Studio album by Lila Downs, Niña Pastori, Soledad Pastorutti
- Released: April 1, 2014
- Recorded: 2012–2014
- Genre: Pop, world music, traditional, folk, ranchera
- Length: 91:00
- Language: Spanish
- Label: RCA Records/Sony Music
- Producer: Aneiro Taño, Julio Jiménez

= Raíz (album) =

Raíz is a collaborative studio album by singers Lila Downs, Niña Pastori and Soledad Pastorutti; released on April 1, 2014, by RCA Records. The album's first single, "La raíz de mi tierra", was released on February 25, 2014, on VEVO.

Raíz received two nominations at the 2014 Latin Grammys: Album of the Year and Best Folk Album, which it won.

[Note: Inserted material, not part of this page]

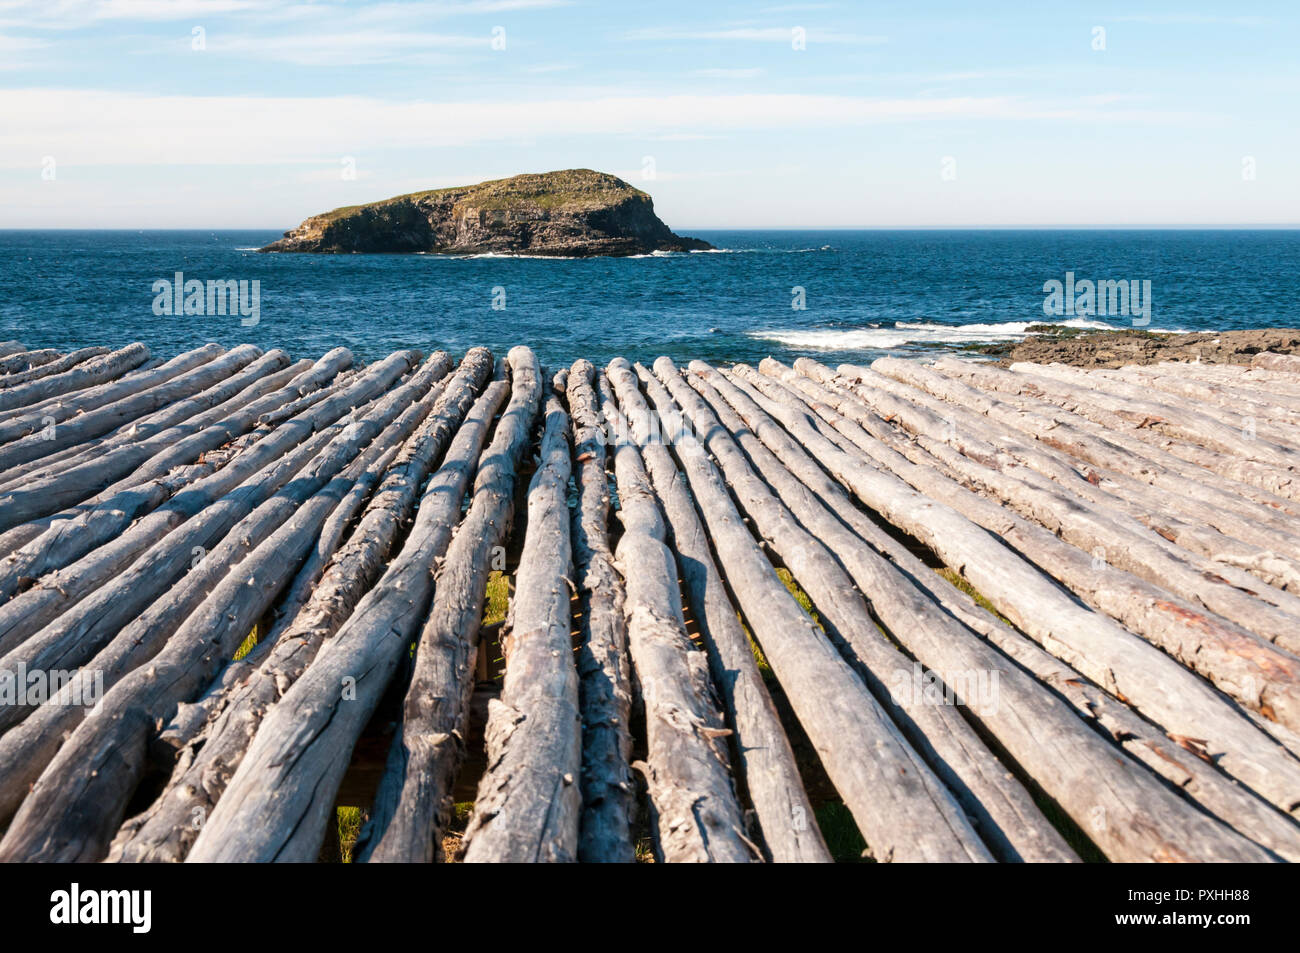 Un Terranova di scaglie di pesce, un rilievo piattaforma di legno per essiccare il pesce. Foto Stock

It was also nominated at the Grammy Awards 2015 in the category Best Latin Pop Album.

== Track listing ==
1. "La raíz de mi tierra"
2. "Que nadie sepa mi sufrir"
3. "Chacarera para mi vuelta"
4. "La maza"
5. "El día que me quieras"
6. "Cumbia del mole"
7. "Agua de rosas"
8. "Sodade"
9. "Puede ser"
10. "Zapata se queda"
11. "Tren del cielo"
12. "Válgame Dios"
13. "Y para qué"
14. "Cómo será"
15. "Dime quien soy yo"
16. "Tierra de luz"

==Certifications==

Certifications for Raíz
| Region | Certification | Certified units/sales |
| Mexico (AMPROFON) | Gold | 30,000^{‡} |
^{‡} Sales+streaming figures based on certification alone.